I have a background in consulting and communications in the corporate world.  I am not a journalist, but I am a storyteller, after some college years in film school and years of and a half-dozen unfinished historical novels.

I am a big admirer of the late Anthony Bourdain, who gave us unflinching looks at cultures without judging them and told damn good stories in the process.  And like Mr. Bourdain, I am not a millennial. A prominent leader in Memphis once dared to ask me, “So are you retired, or what?”

I started StoryBoard at a time when Gannett was about to push our Commercial Appeal off a cliff.  I see gaps in communications all over the city. We may have food deserts – we also have information deserts.  I see a city still desperate for good stories, for information, for a deeper look into the news.

Why publish a newspaper in addition to the website?

I see huge talent and intelligent voices here in Memphis, but voices that are fragmented and relying on a digital model that is sure to satisfy millennials but does not reach more than half the population. Much of our city does not “do” online anything. The elderly, some retirees, the poorer communities, and many of our African American communities.  They still need print.

Besides that, I believe in print.  Print is a respite from the race and the pace and the digital domain.  Like vinyl records and movies on the big screen, it still has a place in American cities.

I believe StoryBoard can be sustainable, even healthy. A 24 to 36-page “long tabloid” monthly newspaper that is free for pickup, like the Flyer and the weekend Memphis News, is very doable in today’s environment.  With a model that relies on a combination of good old advertising, sponsorship, monthly subscriptions, and underwriting, I believe I will eventually have enough to produce 30, 40, 50,000 or more copies a month.

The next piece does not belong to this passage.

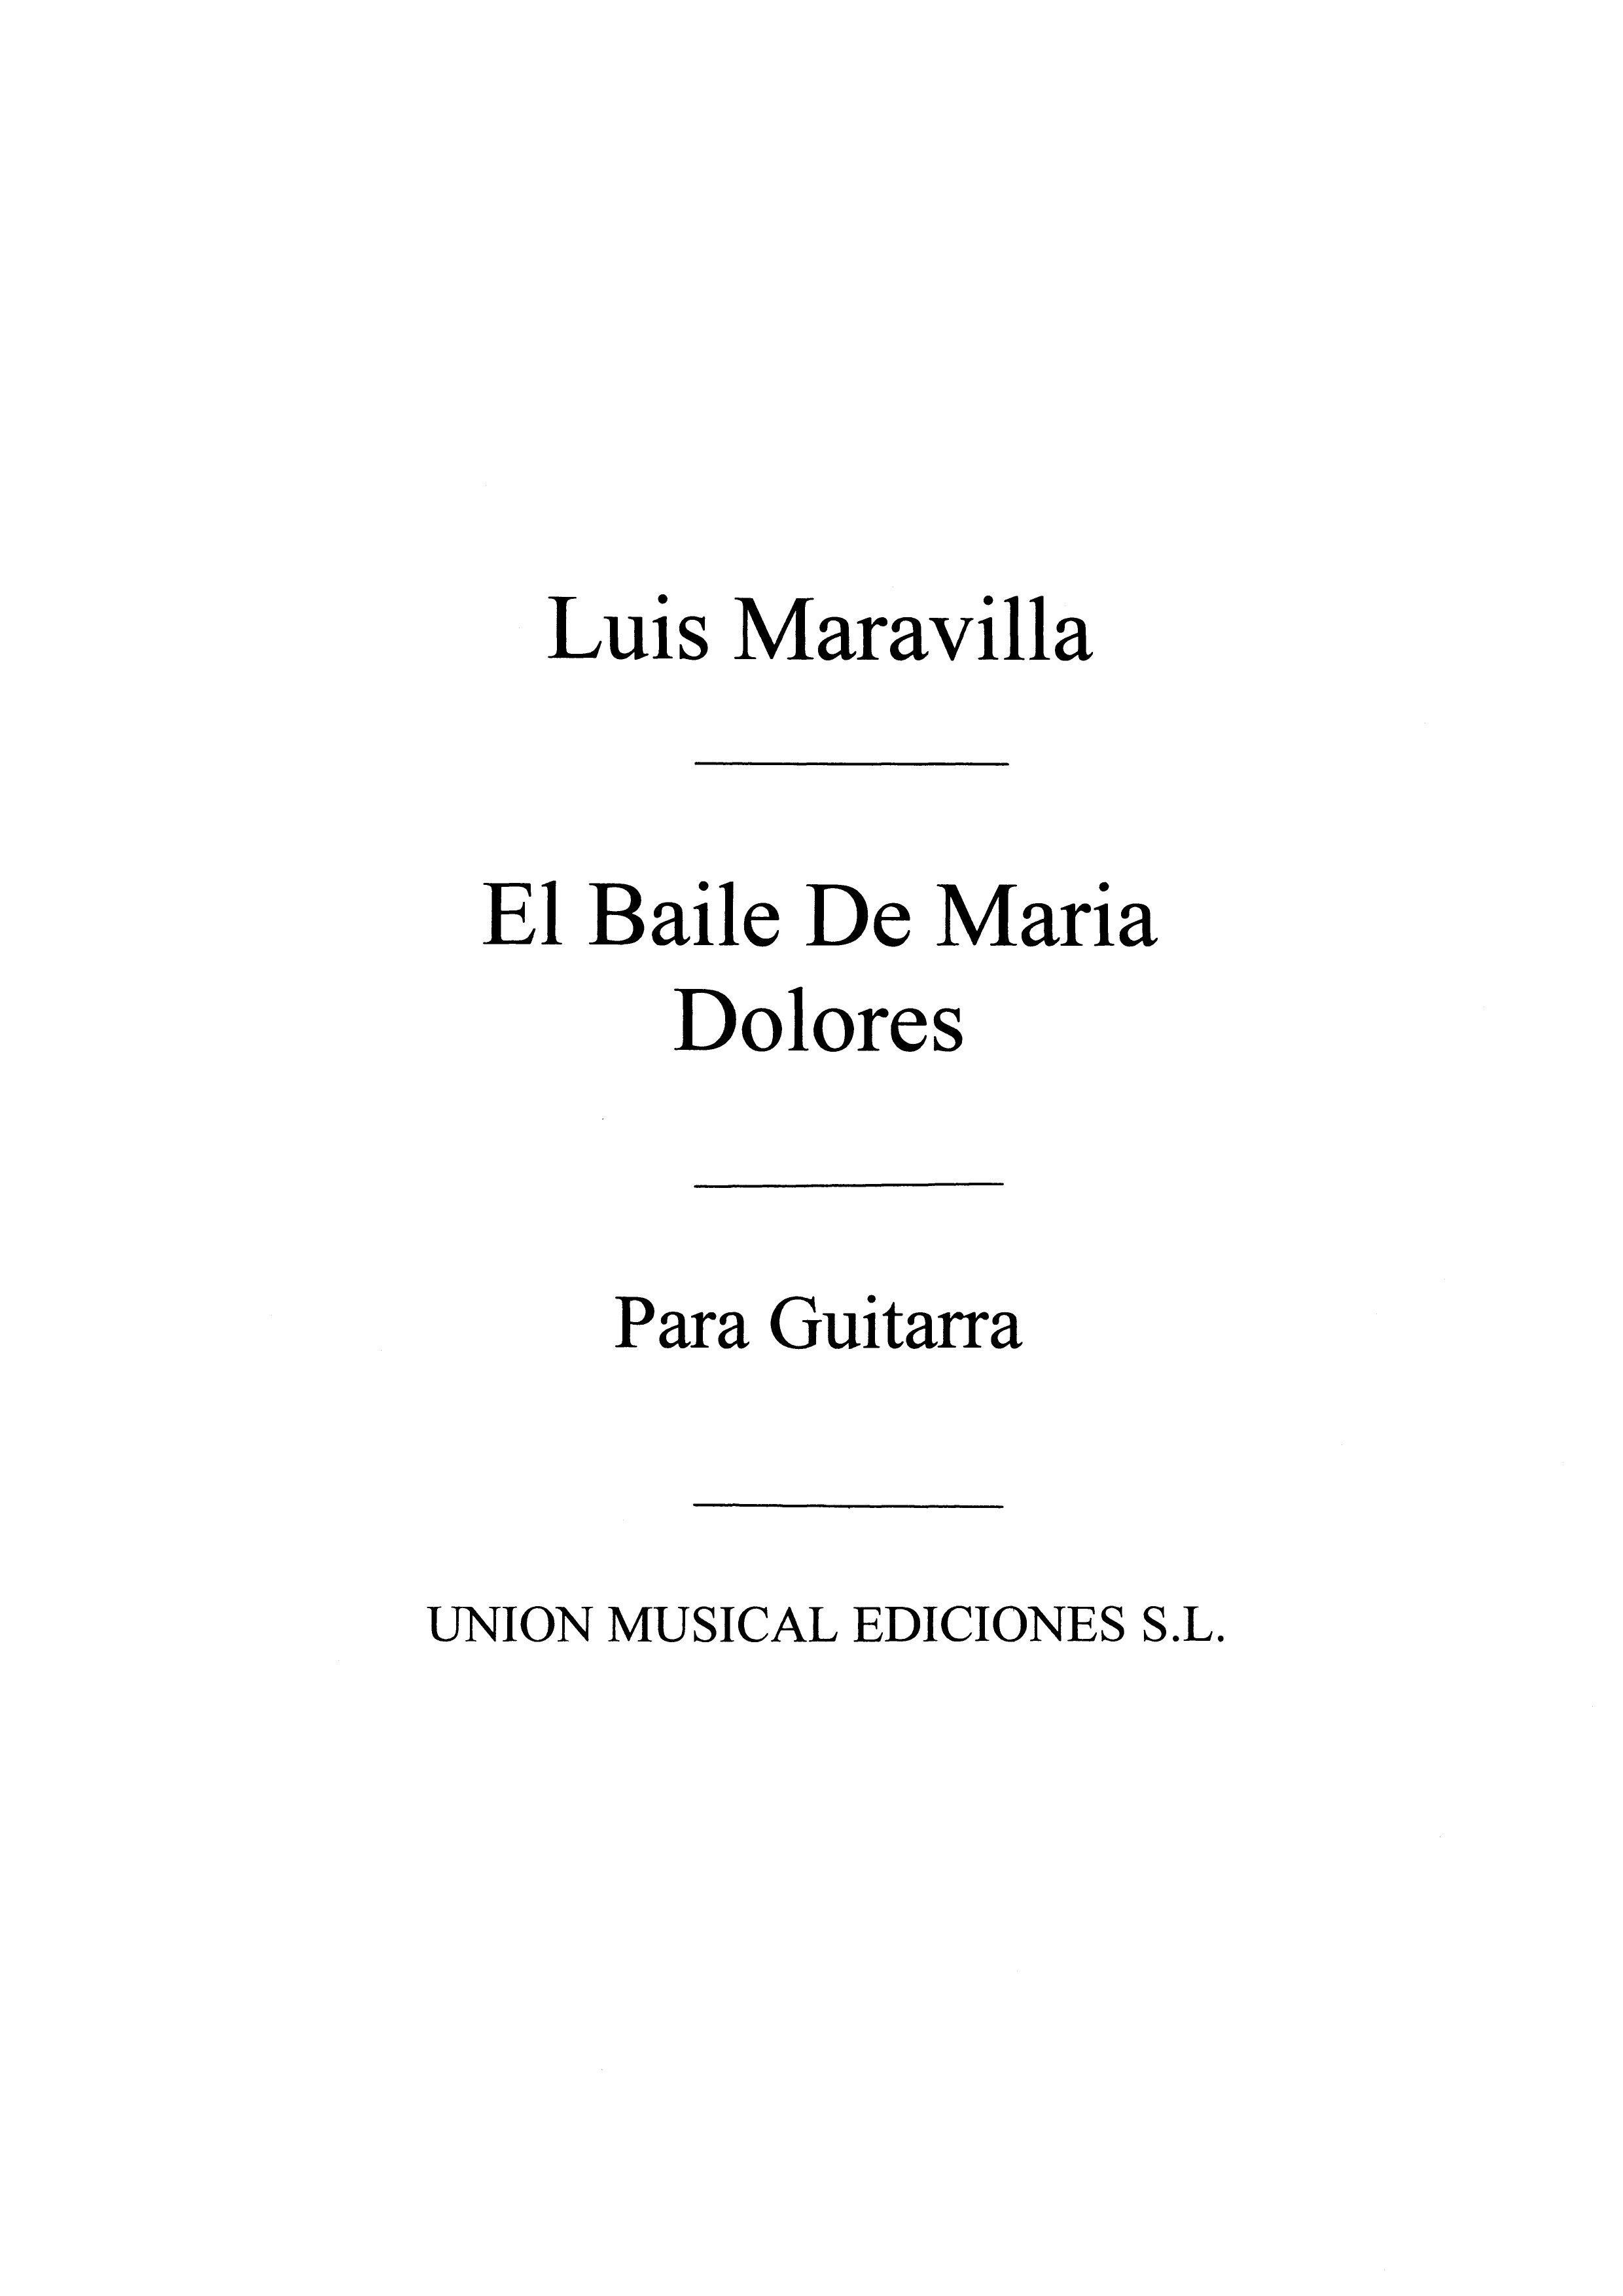 Luis Maravilla: El Baile De Maria Dolores  Soleares: Guitar: Instrumental Work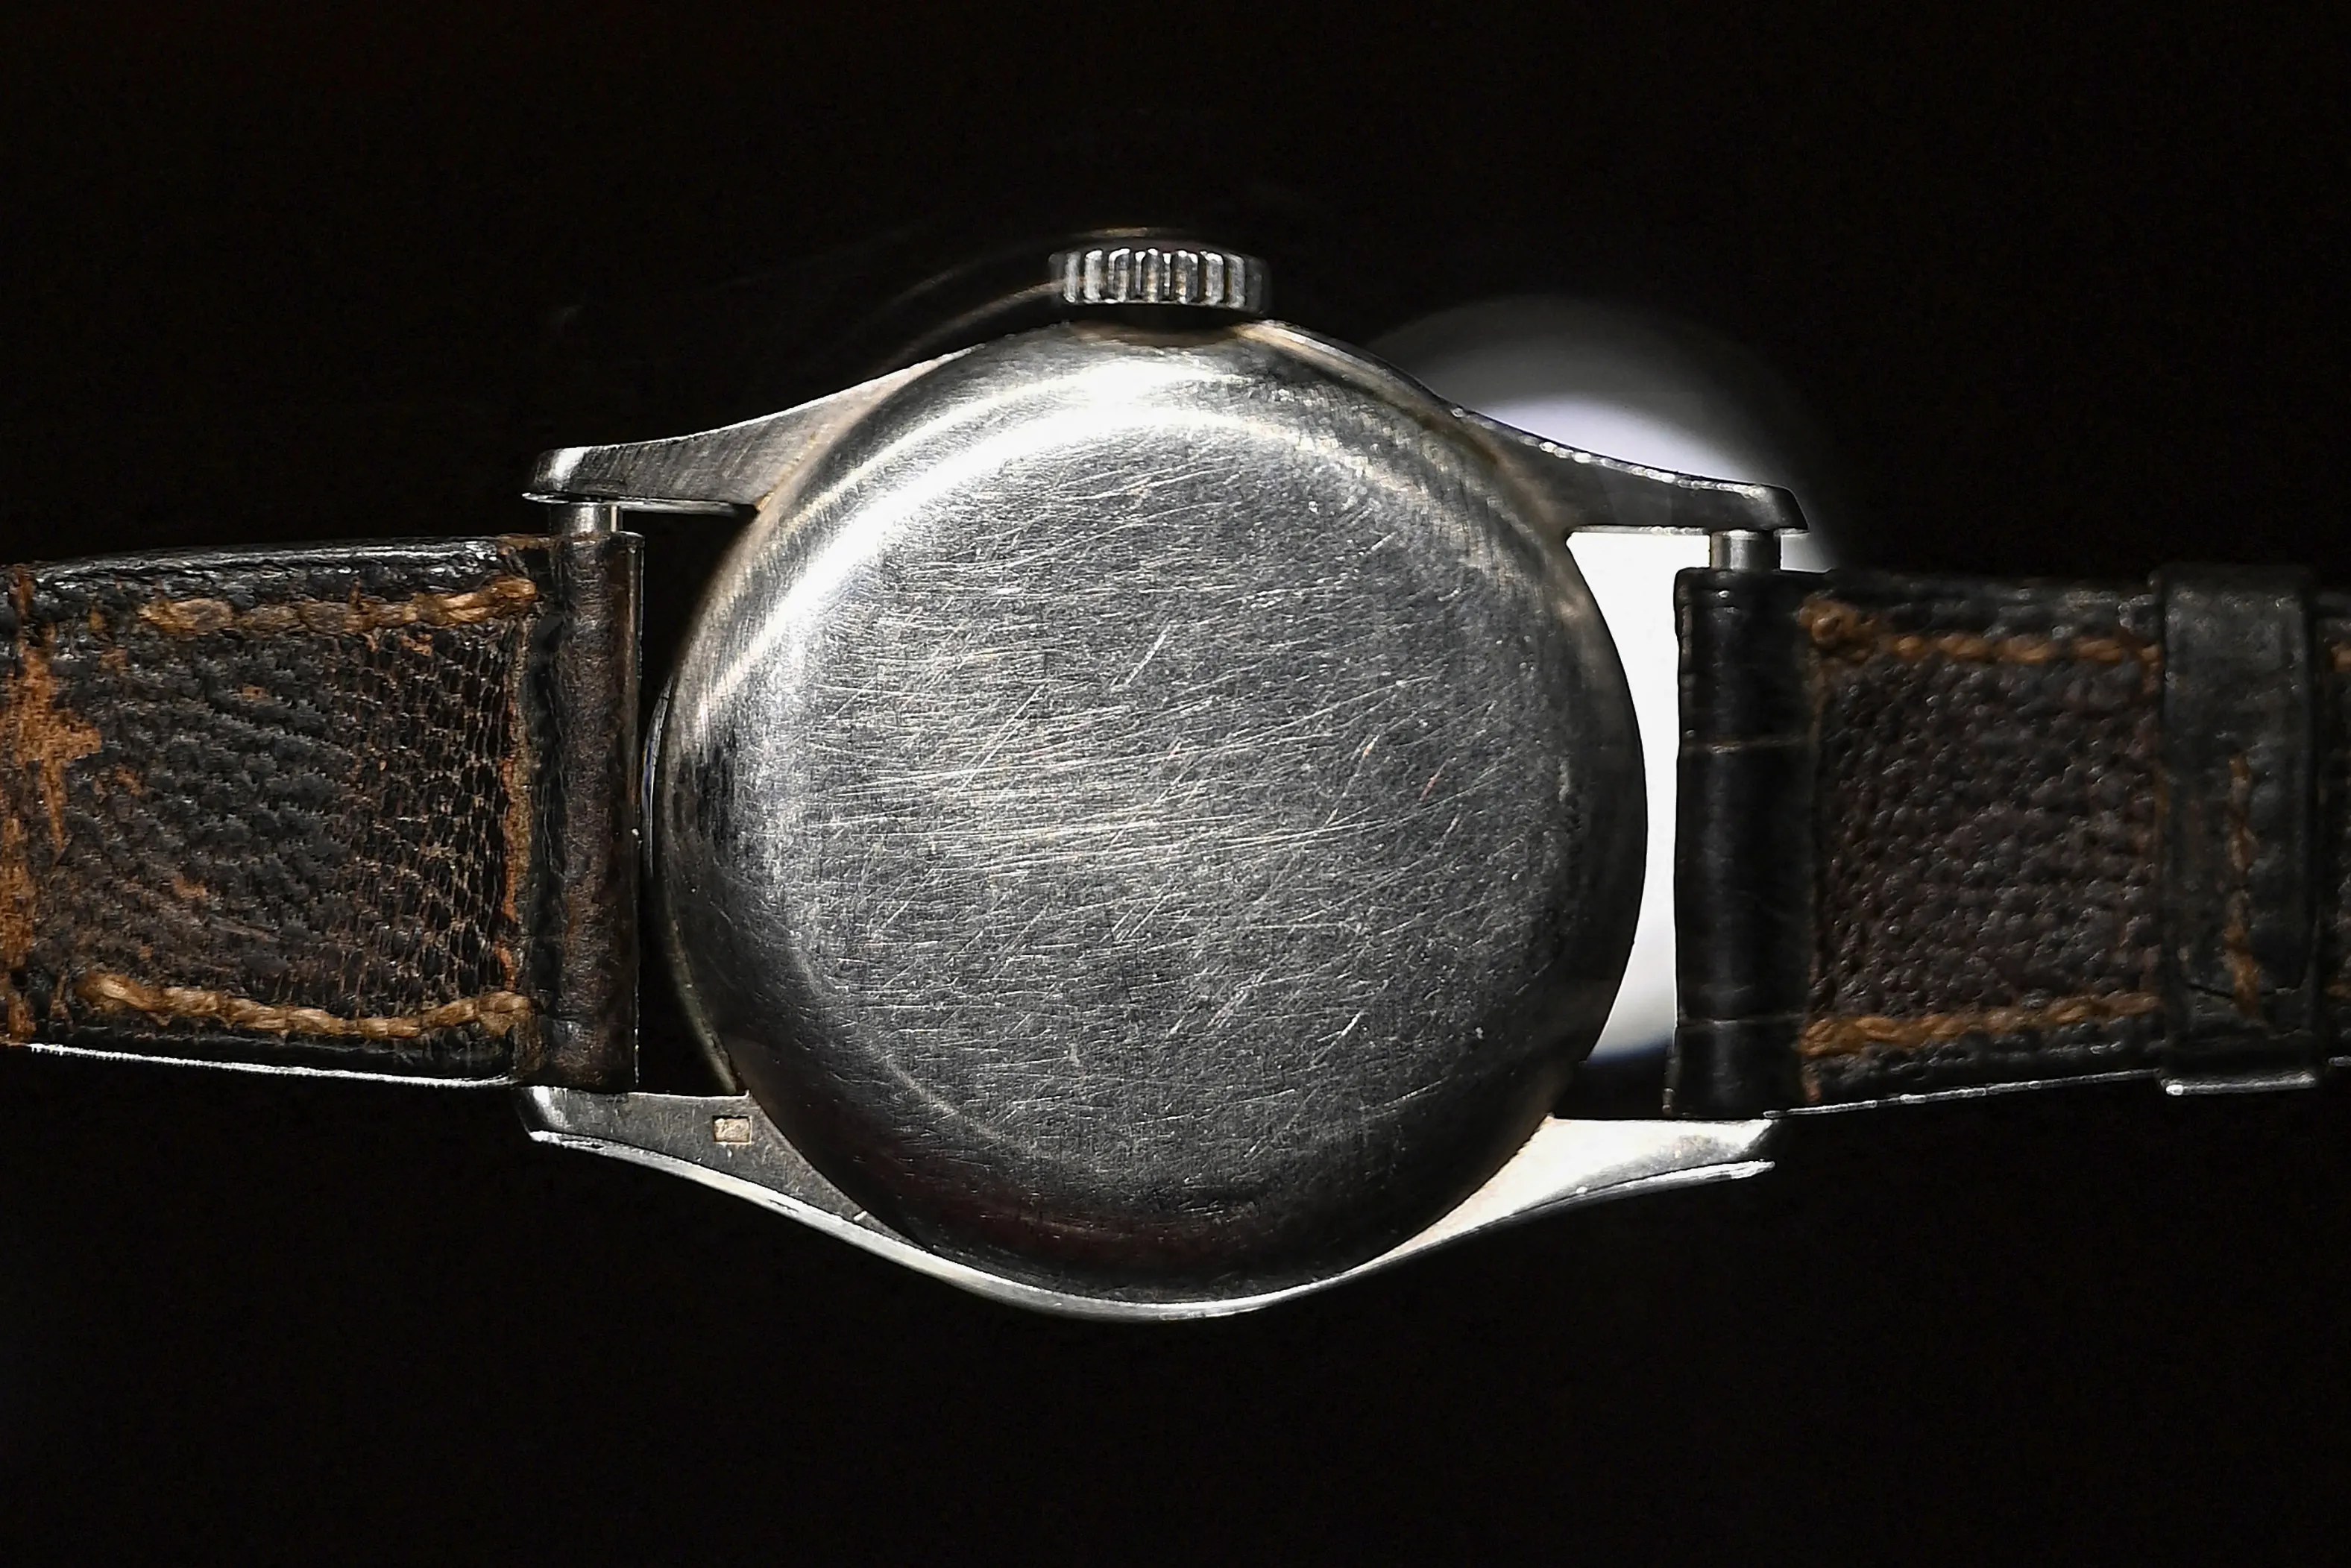 這支曾經屬於中國清朝末代皇帝愛新覺羅·溥儀的百達翡麗Ref 96 Quantieme Lune腕錶在香港菲利普斯拍賣行展出。它的成交價為567萬瑞郎。

As for content and mission, I will quote my own tag line:  “Stories. Ideas. For Memphis, By Memphis.”

Where will all that content come from?

All the outstanding and important – yet fragmented – digital voices out there:  I am giving them opportunities to expand their audiences in print.  These are digital platforms and journals known by many fragmented audiences, but that collectively few Memphians have heard of.

These digital voices will now be heard and read across those parts of our city that don’t do online, who still value the paper, that still want to spend hours with good storytelling.    Things like online neighborhood newsletters, blogs, editorial journals like Smart City, High Ground News and Strong Towns, a revived Memphis Heritage Keystone, the wonderful Memphis Type History site, etc., will have a printed home at StoryBoard. We will publish city calendars, accept good old letters to the editor, an old classifieds section, and in general help communities connect.

We will also look forward.  In working to assemble teams of planners and architects, we will bring to readers visions of the near future, community-based ideas in how to improve streets and neighborhoods, or how to repurpose our rich architectural heritage, one beautiful building or storefront at a time, one district at a time.

And there will be something for kids.  Eventually a section for kids geared toward helping them understand their own neighborhoods, encouraging them to read and interact, and a place for them to submit their own little stories.

Kids, millennials, planners, visionaries, commentators, fiction writers and poets, artists and local filmmakers, heck even musicians … I hope StoryBoard becomes a community board, bringing back the spirits of those town square information booths and college bulletin boards.  A place for folks to look back, look at the present with fresh eyes, and look forward.

10 or 20,000 copies of the inaugural issue come off the presses Sept 3.